Elsewhere it was confusion, with no way of knowing whose side anyone in authority was on; before them the Civil Guard were supporting the workers, elsewhere they were in the opposite camp, the Assault Guards the same. Some regional authorities were still refusing to arm the workers, too fearful to give guns to those they trusted just as little as they trusted the army, while in separatist regions like the Basque country, support for the Republic was more an opportunistic grab at regional autonomy than driven by conviction.

Worryingly, the insurgents seemingly held the major military port of Cadiz and the narrows at Gibraltar, though Valencia was an unknown quantity.
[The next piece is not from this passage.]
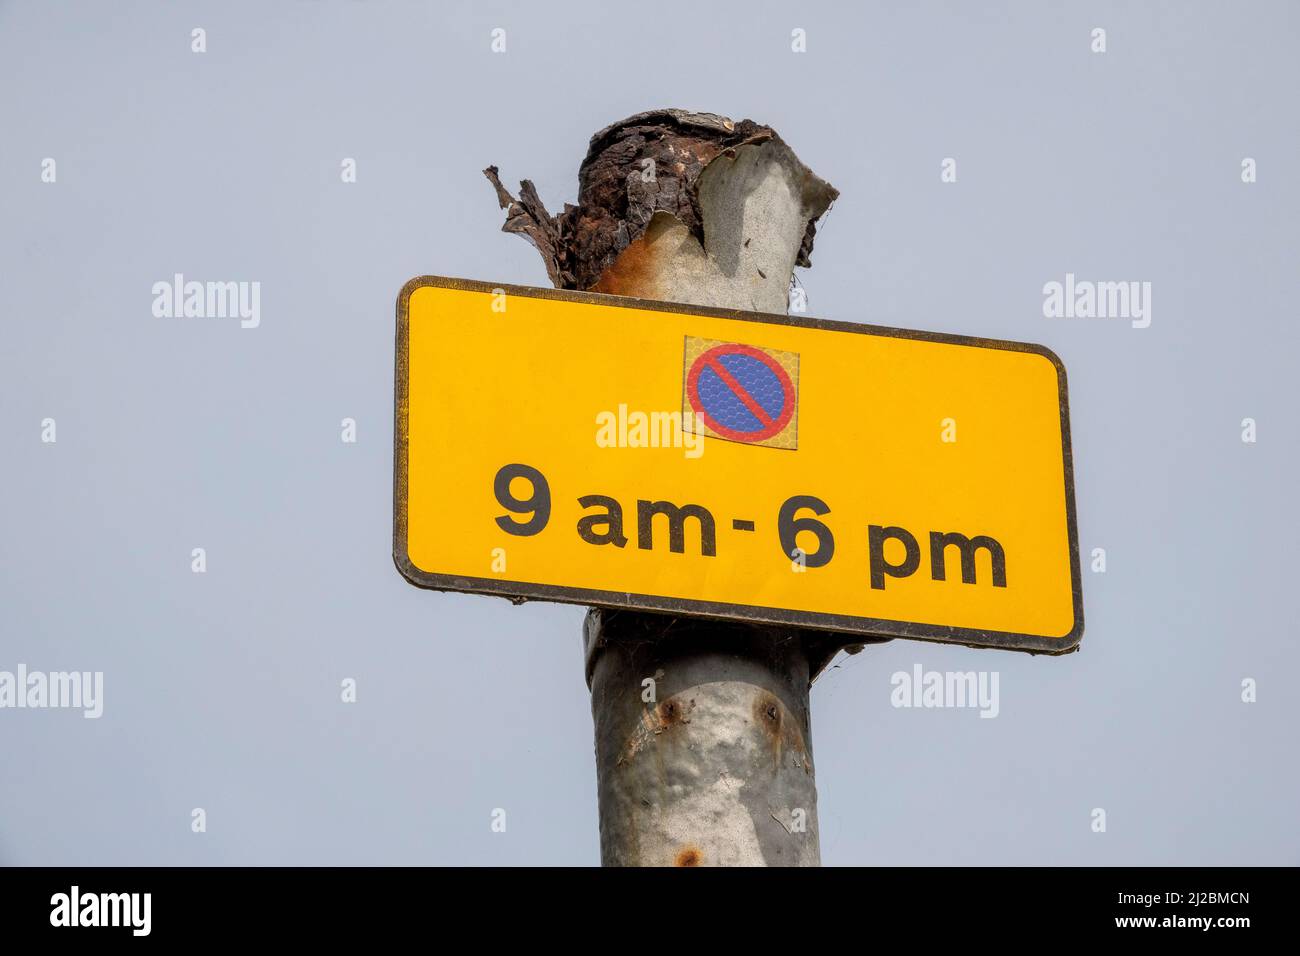 Small rectangular parking restriction sign black on yellow with red and blue symbol for the hours of 9am to 6pm mounted on a very corroded metal pole Stock Photo

Most of the navy was loyal — the lower deck had been very organised — yet there existed ships where the officers had prevailed, and it was suspected such vessels would be heading for the Straits to help the Army of Africa get troops and heavy equipment to the mainland.

A depressing rumour was circulating that two large German warships were also actively screening such a crossing from interference, which removed the doubt — if there ever had been any — that this was a fascist coup welcomed in both Berlin and Rome, who had already, it was fairly obvious, supplied weapons like rifles and machine guns.

Unclear was what the democracies would do in response, for neither France nor Britain would be happy to see Spain go into the dictators’ camp, the latter especially, with the route to India to protect. Yet just as telling was the fact that there was no mention of the Royal Navy in what Laporta was telling him; a mere gesture from the fleet based at Gibraltar and Valletta, which included several battleships, would send those two German warships packing.